Figure 5(a) shows histograms depicting the Expert Agreement and Ambiguous Masks cases for our inter-rater comparison. The histograms show the volume versus the count of lesions of that particular size. We see from Fig. 5(a), that a large number of small lesions identified by Rater #2 split single lesions identified by Rater #1, see the split ( M-1) case. Additionally, we see that while the split-merge class has a broad range (minimum size 11 mm3 upto a maximum size of 36,967 mm3) it has a count of one whenever such split-merge cases occur, suggesting that such cases are rare. Figure 5(b) shows the number of cases of each class on a per data set basis. We note that Fig. 5(b) echos the observations from Fig. 5(a) that the split-merge class has a very low incidence rate. We also note that the number of cases in the object detection agreement class is considerably higher than either of the other three classes.
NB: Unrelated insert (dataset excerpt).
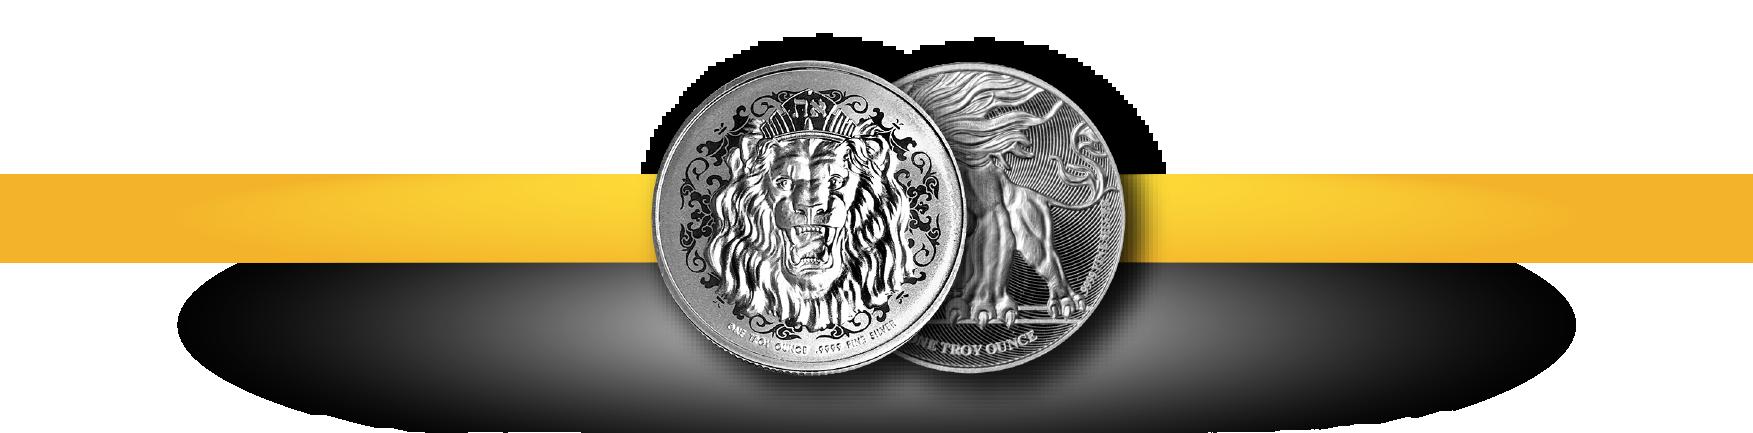 roaring lion coins bottom

Figure 5(c) shows histograms depicting the two Expert Disagreement cases for our inter-rater comparison. The histograms show the volume and the count of lesions of that particular size that were identified by one rater but not by the other rater. Figure 5(d) shows the counts on a per data set basis for the two different Expert Disagreement cases; a dot denotes the respective count for one of the 61 test data sets. From Fig. 5(c,d), we have that Rater #1 identified 388 lesions that Rater #2 did not, where 14.18% were of size 1 mm3 (equivalently one voxel) and 61.34% were of size 10 mm3 or less. The total of 388 unidentified lesions can also be computed as the sum of the 1-0 category in Fig. 5(d). Conversely, Rater #2 identified 8,514 lesions that Rater #1 did not, 43.35% of which had a size of 1 mm3 and 75.06% had a size of 10 mm3 or less. The total of 8,514 unidentified lesions can also be computed as the sum of the 0–1 category in Fig. 5(d). We note that the identification of small lesions by Rater #2 shown in Fig. 5(c) would appear consistent with our observations from Fig. 5(a) that lesions identified by Rater #1 are identified as groups of smaller lesions by Rater #2. Clearly, it is difficult for raters to agree on small lesions; however, our two raters failed to agree on 8,902 lesions meaning that there was not another (larger or smaller) lesion with any overlap for these lesions. Given that the total number of uniquely identified lesions was 11,245 then the 8,902 represents 79.2% of the total number of identified lesions.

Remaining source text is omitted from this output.